Semi-Latin Rectangles: What they are, and some Constructions for good Designs; Improving the performance of the Dirichlet process mixture model (DPMM) and future challenges; Parameter Inference for State-Space models using Sequential Monte Carlo methods.

Mary Woodcock Kroble
Saturday 10 November 2018
Date: 15 May 2019
Time: 2:00 pm - 3:00 pm

Speaker: Wei Jing, Fanny Empacher and Nseobong Peter Uto.  (CREEM)

Abstract

Nseobong Peter Uto

Semi-Latin rectangles are row-column designs with nice combinatorial properties.
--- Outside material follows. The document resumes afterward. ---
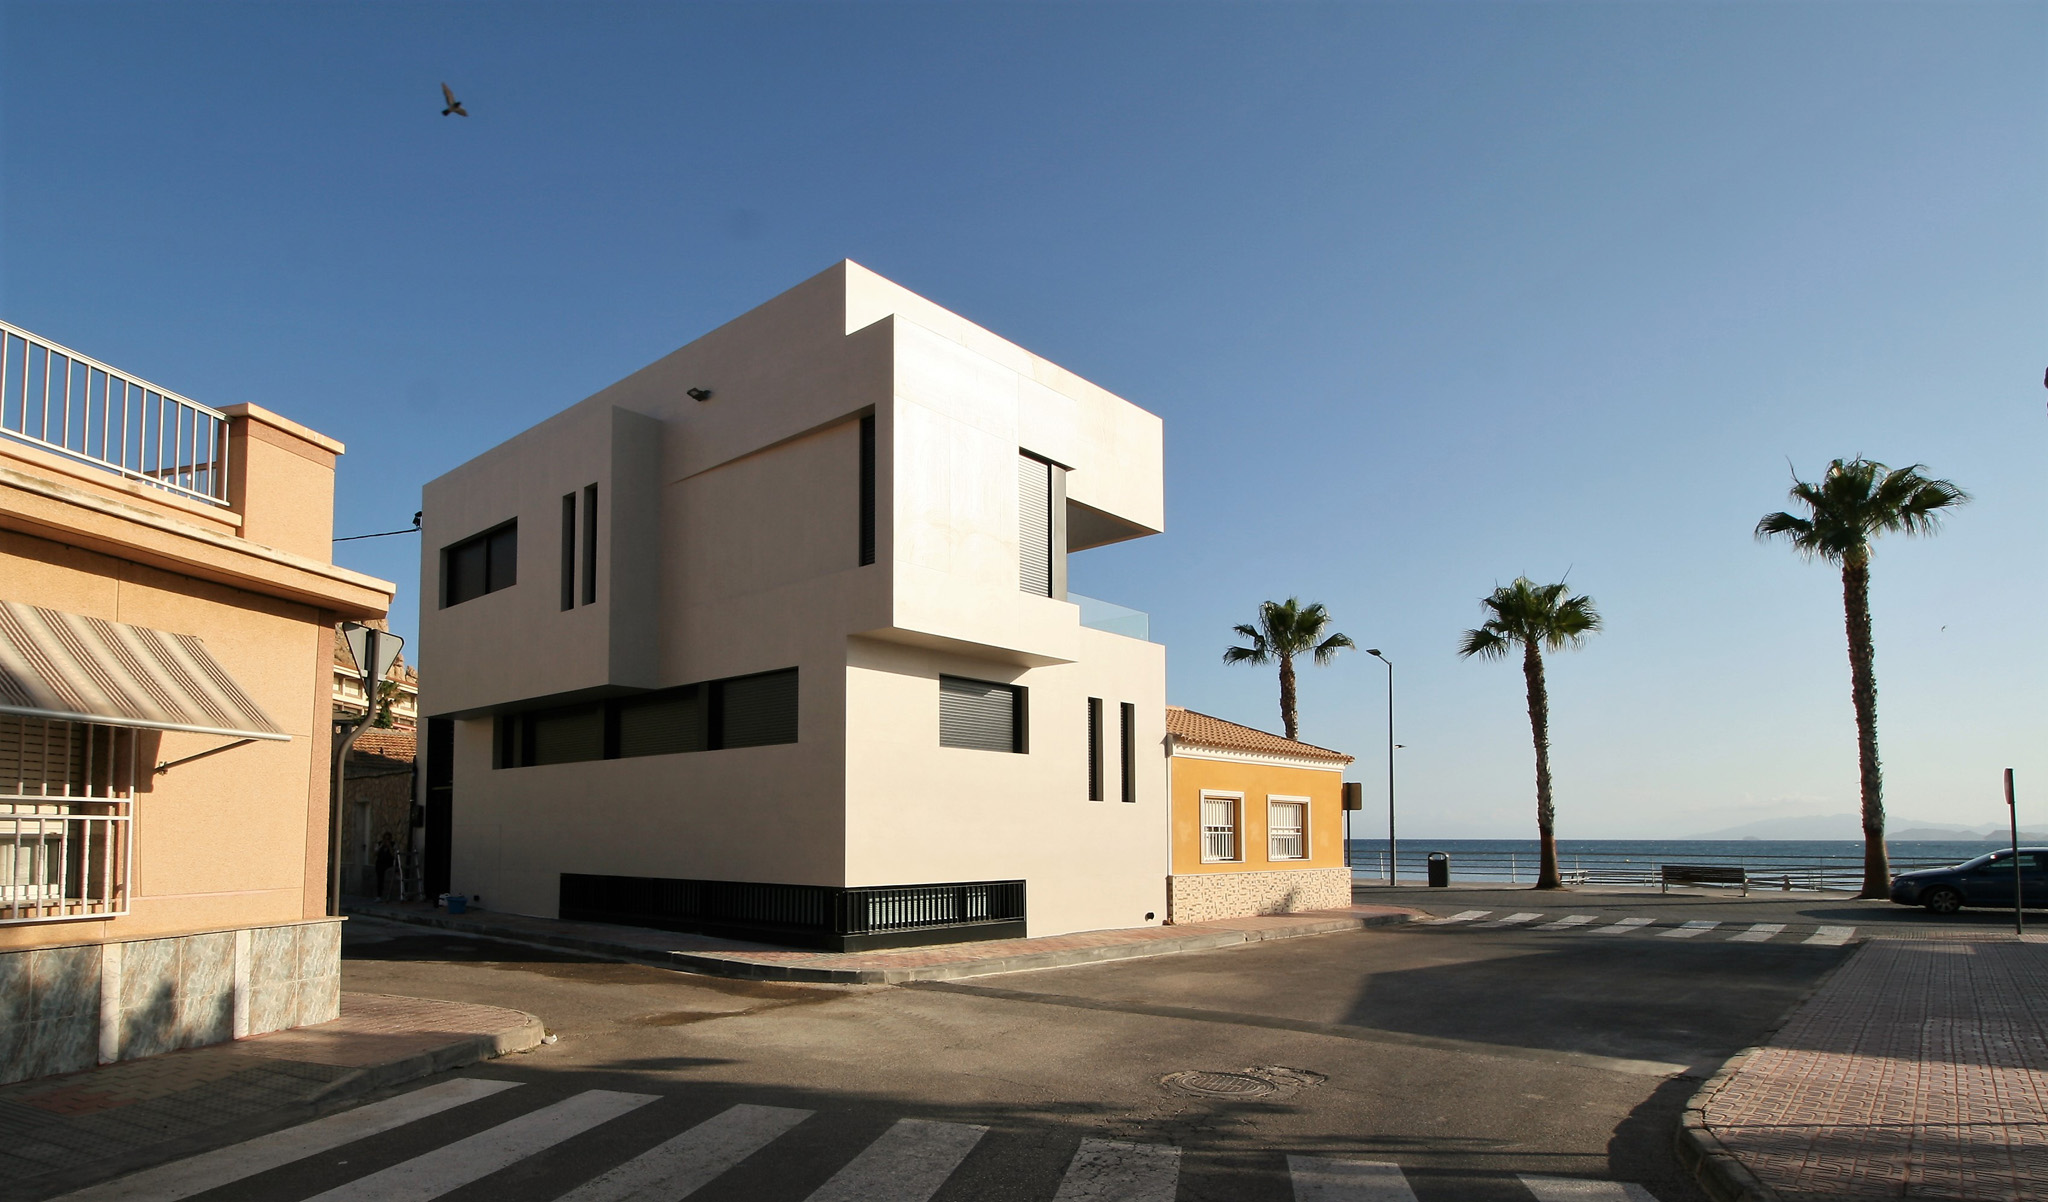 vivienda-fachada-moderna-playa

They generalize the Latin squares  and  semi-Latin  squares; and  have a wide range  of appli- cations in experimental setting  ranging from agriculture to industry. We bring to view some concepts associated with these  designs;  give some applications; and  also some constructions for good designs of this class.

Fanny Empacher

State-space models are a useful class of models for ecologists as they allow us to explicitly model errors in our observations. However, they are often difficult to fit, as evaluating the likelihoods is usually intractable and traditional algorithms like MCMC struggle to make useful proposals. Sequential Monte Carlo methods provide an alternative for these models. I will give an overview of current methods and discuss their advantages and drawbacks at the example of a case study of the UK Grey Seal population.

Wei Jing

We consider the Dirichlet process mixture model (DPMM) in the context  of clustering for continuous data, when the conditional likelihood is set to be the multivariate normal distribution. Our simulation studies show that the DPMM may struggle to uncover the true clusters when the data contain even just a handful of variables, even when the normality assumption is correct. In the talk, we first introduce the basic DPMM with Gaussian kernels. We then show the problem discovered and give potential reasons of why it can be difficult for the DPMM to identify true clusters. Specifically, this may be because of the inflexibility of the Inverse Wishart distribution, which is currently used as the prior distribution for the within-cluster covariance matrix, and the difference between the overall covariance matrix for the variables (calculated from pooling the data of all the clusters) and the within-cluster covariance matrices. To investigate the effect of the prior specification we implemented different prior distributions for the within-cluster covariance matrix, and compared their performance for datasets of different size and structure. We also propose how to initialize the MCMC sampler to effect considerable improvement in the clustering results. Finally, we discuss limitations of our current proposals and future work.